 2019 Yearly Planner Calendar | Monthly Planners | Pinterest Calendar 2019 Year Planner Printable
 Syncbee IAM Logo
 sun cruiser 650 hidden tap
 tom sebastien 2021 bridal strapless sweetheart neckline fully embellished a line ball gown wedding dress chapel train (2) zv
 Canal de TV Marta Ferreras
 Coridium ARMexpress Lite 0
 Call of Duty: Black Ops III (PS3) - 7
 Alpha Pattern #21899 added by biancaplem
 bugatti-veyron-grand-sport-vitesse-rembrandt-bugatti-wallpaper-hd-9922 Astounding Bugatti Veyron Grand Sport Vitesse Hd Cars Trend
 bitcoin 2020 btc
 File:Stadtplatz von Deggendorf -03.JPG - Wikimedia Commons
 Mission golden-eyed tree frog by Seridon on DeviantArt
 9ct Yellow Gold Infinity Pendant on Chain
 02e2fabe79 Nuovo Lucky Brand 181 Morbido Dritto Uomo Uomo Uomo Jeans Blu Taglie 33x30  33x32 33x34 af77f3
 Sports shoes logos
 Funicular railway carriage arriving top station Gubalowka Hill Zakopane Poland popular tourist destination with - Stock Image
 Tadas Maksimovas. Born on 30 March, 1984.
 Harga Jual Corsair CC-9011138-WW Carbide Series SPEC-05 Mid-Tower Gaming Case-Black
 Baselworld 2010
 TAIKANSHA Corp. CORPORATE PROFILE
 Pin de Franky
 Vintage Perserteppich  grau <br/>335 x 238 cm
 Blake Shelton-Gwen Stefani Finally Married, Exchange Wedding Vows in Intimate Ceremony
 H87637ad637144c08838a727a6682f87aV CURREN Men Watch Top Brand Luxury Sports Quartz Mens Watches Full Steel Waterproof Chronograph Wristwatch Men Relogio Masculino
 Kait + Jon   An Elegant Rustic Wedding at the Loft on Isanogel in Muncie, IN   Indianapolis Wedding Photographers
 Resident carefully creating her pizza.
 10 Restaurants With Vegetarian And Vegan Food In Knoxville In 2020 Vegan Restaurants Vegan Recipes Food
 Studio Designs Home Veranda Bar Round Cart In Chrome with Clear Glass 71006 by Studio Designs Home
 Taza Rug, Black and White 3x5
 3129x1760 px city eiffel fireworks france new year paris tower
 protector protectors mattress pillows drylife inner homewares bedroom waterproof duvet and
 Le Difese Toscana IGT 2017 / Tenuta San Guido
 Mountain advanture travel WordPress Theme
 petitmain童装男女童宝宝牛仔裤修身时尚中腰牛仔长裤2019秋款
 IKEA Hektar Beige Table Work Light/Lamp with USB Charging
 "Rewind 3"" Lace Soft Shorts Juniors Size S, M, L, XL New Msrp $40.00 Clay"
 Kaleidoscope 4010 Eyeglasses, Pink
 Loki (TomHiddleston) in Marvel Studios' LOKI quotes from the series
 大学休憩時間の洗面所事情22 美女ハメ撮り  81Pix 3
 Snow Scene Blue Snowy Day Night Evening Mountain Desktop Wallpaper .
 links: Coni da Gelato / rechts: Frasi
# # # # #
## Task statement
From the line containing "IKEA Hektar Beige" to the final line of the entries, print every line exactly and nothing else.

## Solution
 IKEA Hektar Beige Table Work Light/Lamp with USB Charging
 "Rewind 3"" Lace Soft Shorts Juniors Size S, M, L, XL New Msrp $40.00 Clay"
 Kaleidoscope 4010 Eyeglasses, Pink
 Loki (TomHiddleston) in Marvel Studios' LOKI quotes from the series
 大学休憩時間の洗面所事情22 美女ハメ撮り  81Pix 3
 Snow Scene Blue Snowy Day Night Evening Mountain Desktop Wallpaper .
 links: Coni da Gelato / rechts: Frasi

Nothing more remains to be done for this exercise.